I'm working with a dataset that contains hourly data, and I'm having trouble interpreting how the hours are represented. The dataset has two columns: one for the date and one for the hour. Here's an example of how the data is structured:
Date | Hour |
---|---|
2023-01-01 | 1 |
2023-01-01 | 2 |
2023-01-01 | 3 |
... | ... |
2023-01-01 | 24 |
I need to understand whether "2023-01-01 hour 1" refers to:
I haven't found the answer to this question anywhere, so I would like to start a discussion and find out what your interpretation and good practices are in this matter
Any insights or suggestions on how to approach this issue would be greatly appreciated!
Is there a standard convention for representing hourly data in such tables?
The idea that a value equals to itself is kinda standard. So if there is no contradictory evidence, then the null hypothesis is that 1 means 1:00, 2 means 2:00, ... 24 means 00:00
H0 or the null hypothesis is the hypothesis you are to make if you have to choose a hypothesis and you have no evidence that would debunk any of the possibilities, nor arguments that would change their likelihood.
So, keep in mind that we need to assume that 24 is by default meaning 00:00 unless something suggests otherwise. But you will need to investigate (and you already did it to some extent) in order to be sure.
As you also suggested, documentation is a great place to find any evidence that would shift your position towards a direction. You also stated that the documentation did not say what the 24 means.
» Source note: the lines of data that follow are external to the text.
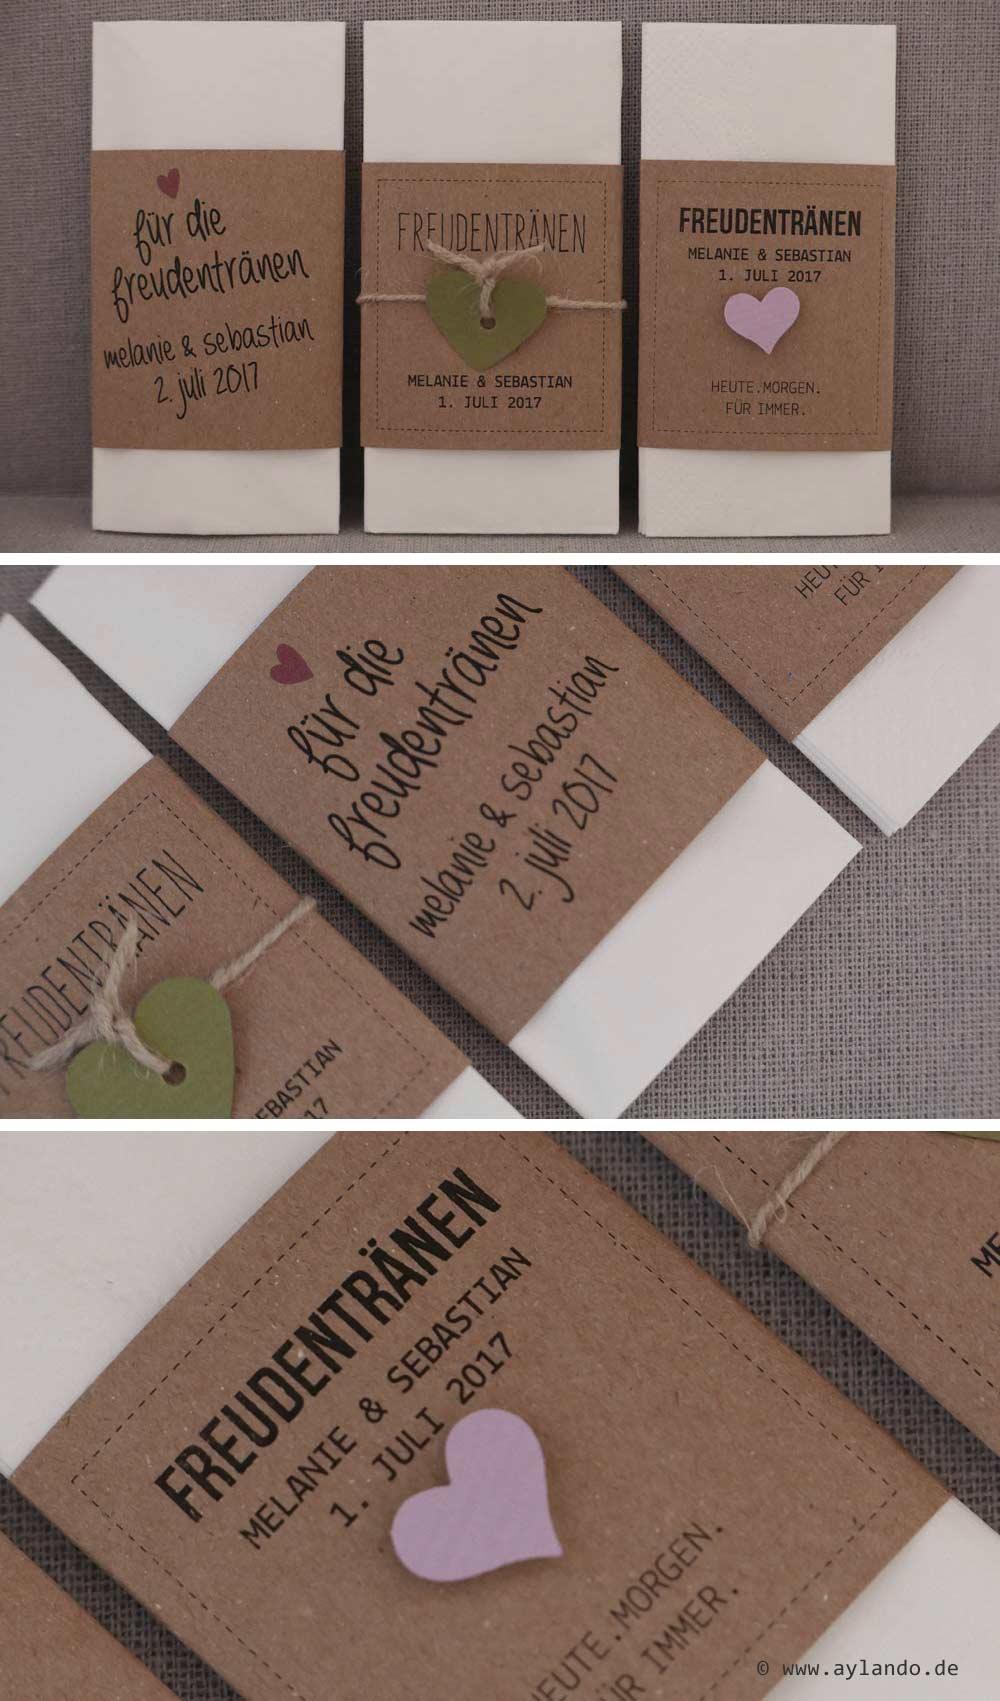 Taschentücher für Freudentränen aus Kraftpapier - diverse Ausführungen möglich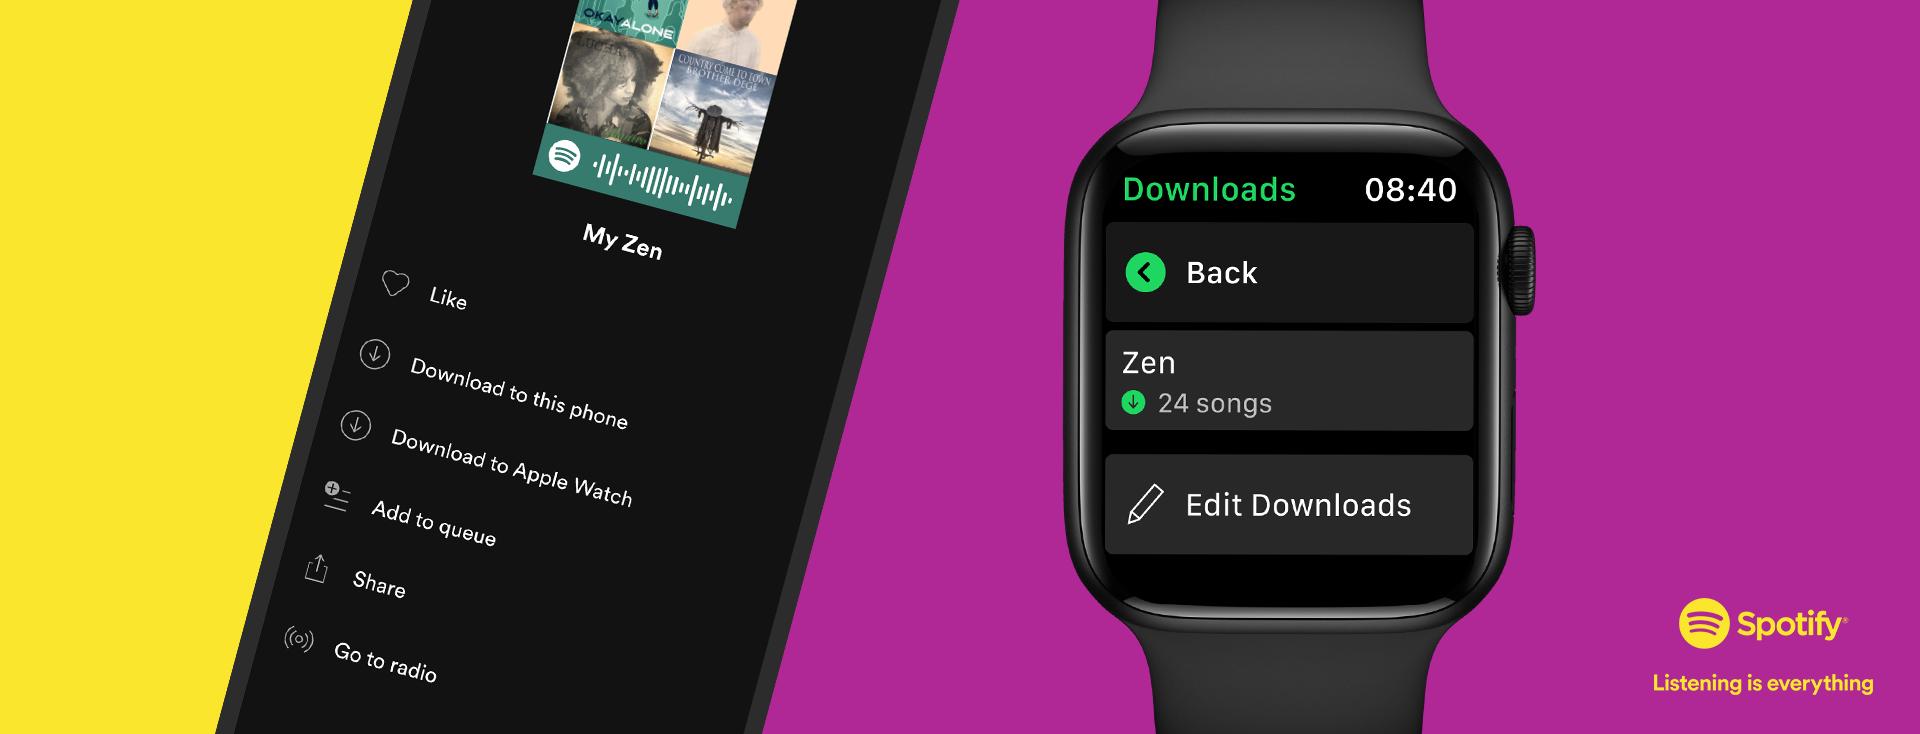 Apple Watch Spotify offline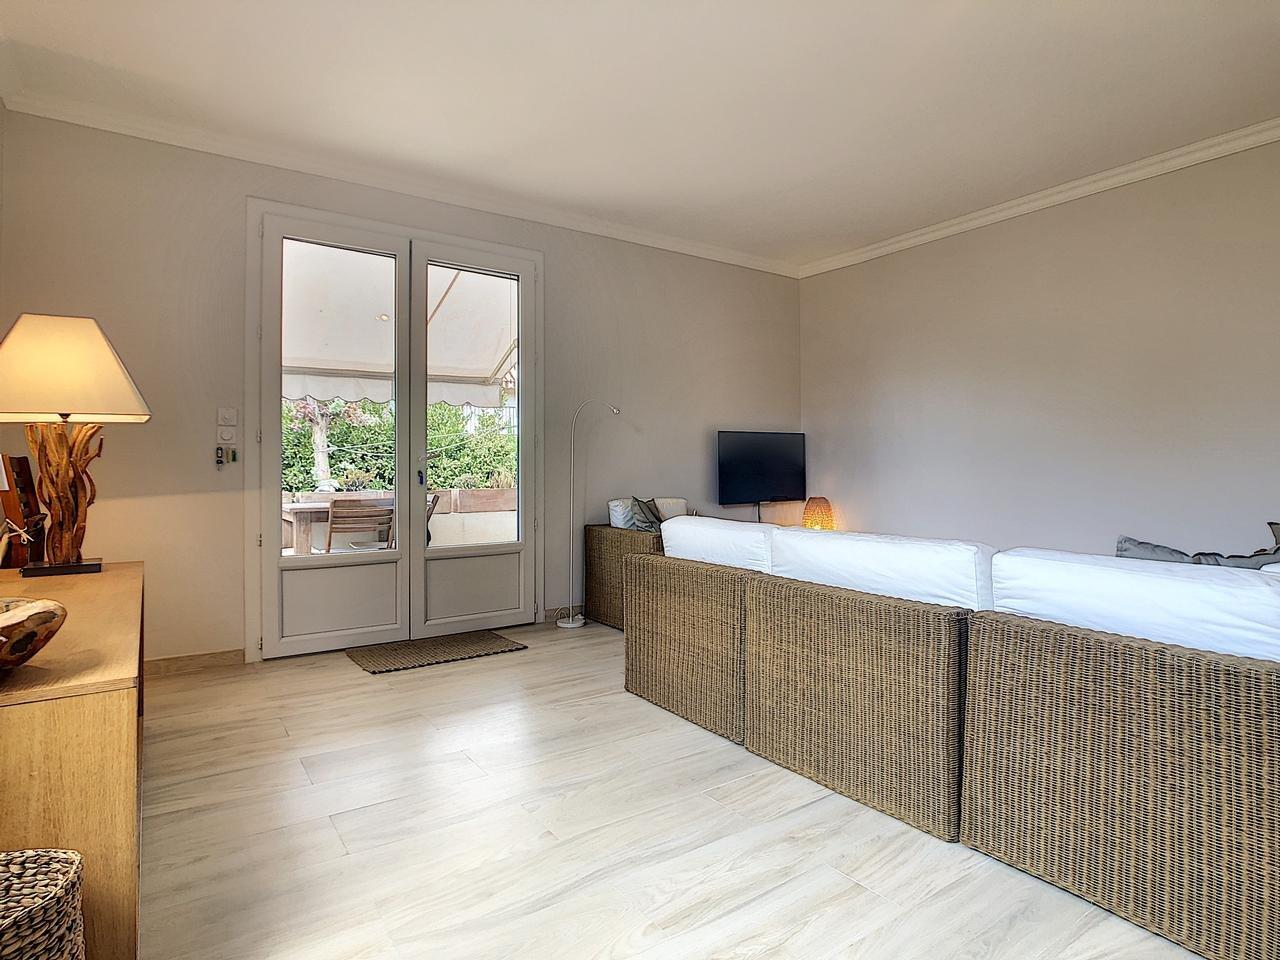 Maison  5 Locali 115m2  In vendita   745000 €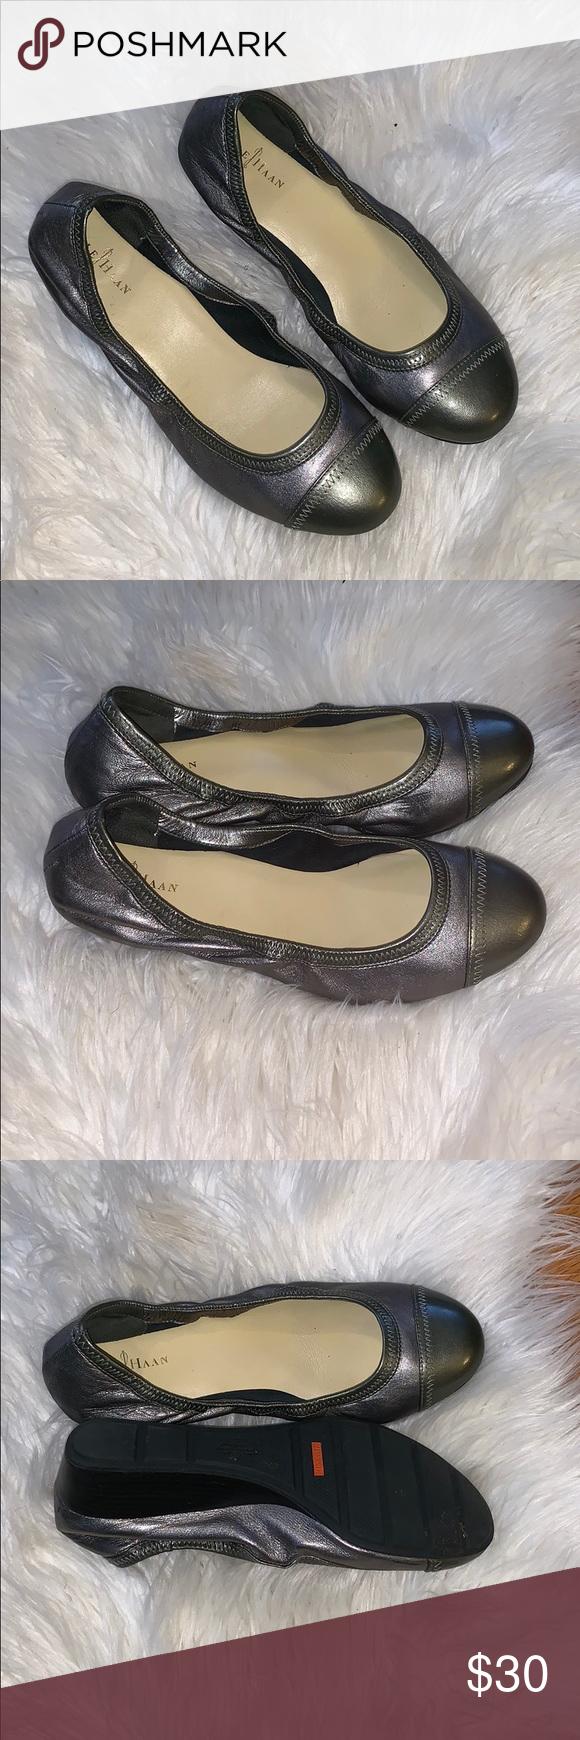 1.5 e shoe size

But you can look for secondary evidence. For example, if your documentation says that in order to sort the times you need to run something like
select `Date`, `Hour`
from t
order by `Date`, `Hour`
and you have Hour
values of 24, then, since 24 > 23, it will become clear that 24 is after 23, so 24 must mean the 24th hour, that is, 23:00 and consequently each hour means one less than itself.
Note that I'm not saying that this is the actual case, I'm just saying that if the hours are numerically sorted to sort by time, then 24 means 00:00.
Look into your application code, look how the hours are ordered, look at what comments are there, whether the code suggests that an hour is at the start of the day. Also look into the way data is generated. If you have something like:
insert into t(`Date`, `Hour`)
values
('2024-08-08', 1),
('2024-08-08', 2),
('2024-08-08', 3),
('2024-08-08', 4),
('2024-08-08', 5),
('2024-08-08', 6),
('2024-08-08', 7),
('2024-08-08', 8),
('2024-08-08', 9),
('2024-08-08', 10),
('2024-08-08', 11),
('2024-08-08', 12),
('2024-08-08', 13),
('2024-08-08', 14),
('2024-08-08', 15),
('2024-08-08', 16),
('2024-08-08', 17),
('2024-08-08', 18),
('2024-08-08', 19),
('2024-08-08', 20),
('2024-08-08', 21),
('2024-08-08', 22),
('2024-08-08', 23),
('2024-08-08', 24);
then the 24 most likely means 23:00. However, if you have:
insert into t(`Date`, `Hour`)
values
('2024-08-08', 24),
('2024-08-08', 1),
('2024-08-08', 2),
('2024-08-08', 3),
('2024-08-08', 4),
('2024-08-08', 5),
('2024-08-08', 6),
('2024-08-08', 7),
('2024-08-08', 8),
('2024-08-08', 9),
('2024-08-08', 10),
('2024-08-08', 11),
('2024-08-08', 12),
('2024-08-08', 13),
('2024-08-08', 14),
('2024-08-08', 15),
('2024-08-08', 16),
('2024-08-08', 17),
('2024-08-08', 18),
('2024-08-08', 19),
('2024-08-08', 20),
('2024-08-08', 21),
('2024-08-08', 22),
('2024-08-08', 23);
then 24 most likely means 00:00.
Ask around people who might know
If you have formulas that convert timezones, then you can often infer the meaning of the input from the formula.
If no further information, choose H0, which is that 1 = 1 is true. But look for contradictory evidence, try to debunk this hypothesis. If you fail to debunk it, then it is the best bet. If you manage to debunk it, then choose the better hypothesis instead.